Records contained in a dataset
= = =
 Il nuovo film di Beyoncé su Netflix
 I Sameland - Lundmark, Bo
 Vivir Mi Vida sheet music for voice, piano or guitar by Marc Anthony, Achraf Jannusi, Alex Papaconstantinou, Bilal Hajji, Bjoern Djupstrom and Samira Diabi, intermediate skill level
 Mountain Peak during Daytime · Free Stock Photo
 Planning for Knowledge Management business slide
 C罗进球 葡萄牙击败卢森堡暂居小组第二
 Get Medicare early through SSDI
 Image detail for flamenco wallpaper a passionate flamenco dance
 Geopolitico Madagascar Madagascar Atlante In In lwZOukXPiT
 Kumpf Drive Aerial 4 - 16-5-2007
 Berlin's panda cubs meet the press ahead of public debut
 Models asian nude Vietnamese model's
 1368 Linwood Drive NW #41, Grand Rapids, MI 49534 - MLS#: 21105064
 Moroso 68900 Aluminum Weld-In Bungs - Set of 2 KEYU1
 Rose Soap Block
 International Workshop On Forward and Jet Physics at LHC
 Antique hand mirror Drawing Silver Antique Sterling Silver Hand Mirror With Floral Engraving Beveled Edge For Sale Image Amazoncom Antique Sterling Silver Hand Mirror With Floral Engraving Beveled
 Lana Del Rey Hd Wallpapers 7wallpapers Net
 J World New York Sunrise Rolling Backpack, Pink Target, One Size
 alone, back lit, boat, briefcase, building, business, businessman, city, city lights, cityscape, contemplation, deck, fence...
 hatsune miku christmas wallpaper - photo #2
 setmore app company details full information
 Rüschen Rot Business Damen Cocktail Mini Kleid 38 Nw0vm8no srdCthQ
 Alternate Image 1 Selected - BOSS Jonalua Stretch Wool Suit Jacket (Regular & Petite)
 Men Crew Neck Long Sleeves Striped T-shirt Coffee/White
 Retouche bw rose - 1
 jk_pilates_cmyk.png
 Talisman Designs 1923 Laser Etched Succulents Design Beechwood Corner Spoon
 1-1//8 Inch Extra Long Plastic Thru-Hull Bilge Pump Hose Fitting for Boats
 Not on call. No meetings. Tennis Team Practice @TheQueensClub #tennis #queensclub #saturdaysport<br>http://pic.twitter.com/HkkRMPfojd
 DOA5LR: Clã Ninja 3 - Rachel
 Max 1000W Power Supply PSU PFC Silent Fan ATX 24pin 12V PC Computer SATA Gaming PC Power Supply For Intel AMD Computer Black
= = =
Go through the data, and copy each line in which the word "Long" appears.

 Men Crew Neck Long Sleeves Striped T-shirt Coffee/White
 1-1//8 Inch Extra Long Plastic Thru-Hull Bilge Pump Hose Fitting for Boats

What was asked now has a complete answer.